Saturday, Jan. 5, 2019 2:30 PM - 4:30 PM

Hilton Atlanta, 302
Hosted By: American Risk and Insurance Association & American Economic Association
  • Chair: Sharon Tennyson, Cornell University

Should We Do More When We Know Less? Optimal Risk Reduction under Technological Uncertainty

Lu Li
Ludwig-Maximilians-Universitaet Munich
Richard Peter
University of Iowa


Technological uncertainty (TU) arises whenever the effects of risk mitigation depend on exogenous factors or are subjectively perceived to be uncertain. It is a widespread condition in decision-making under risk and uncertainty. We study the effects of TU on self-insurance and self-protection.

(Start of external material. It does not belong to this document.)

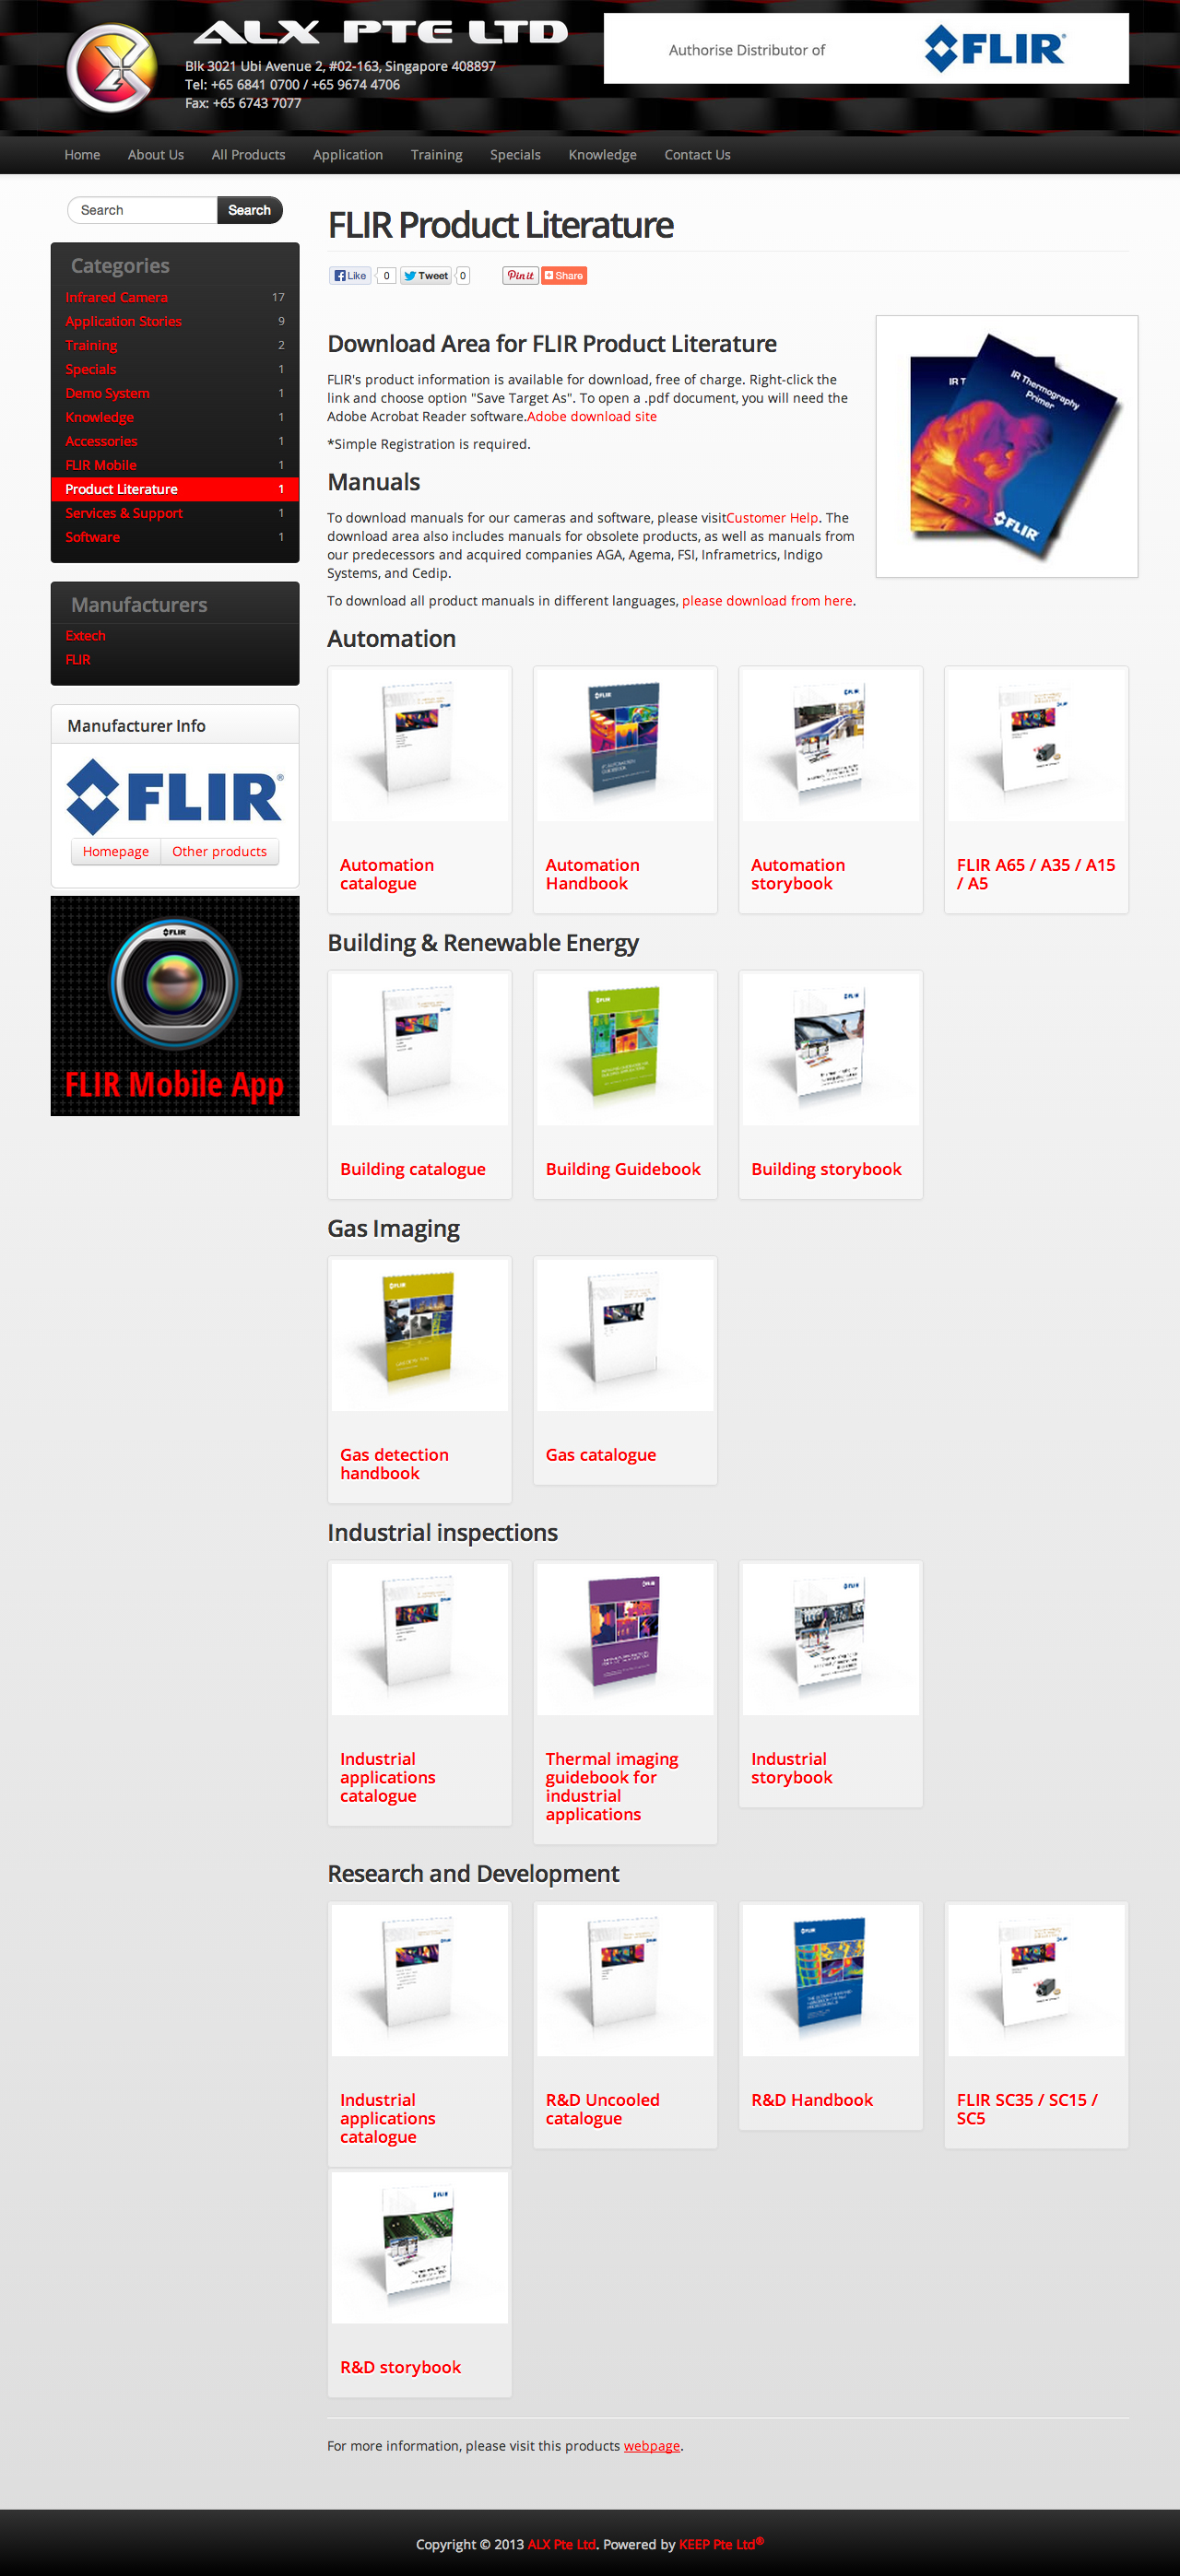 ALX Pte Ltd website product details page

TU reduces the willingness to pay for self-insurance and has no effect on that for self-protection. Its impact on the optimal demand for both activities is jointly determined by the decision-maker's preferences and risk reduction effectiveness. We identify conditions for TU, FSD improvements and increases of TU to have unambiguous comparative statics. These conditions involve prudence, relative risk aversion, and relative prudence. We highlight cases where TU raises the optimal investment consistent with the precautionary principle. Our theory is rich in empirical predictions and our results have implications in the areas of safety, loss control, insurance demand under nonperformance risk, and climate change.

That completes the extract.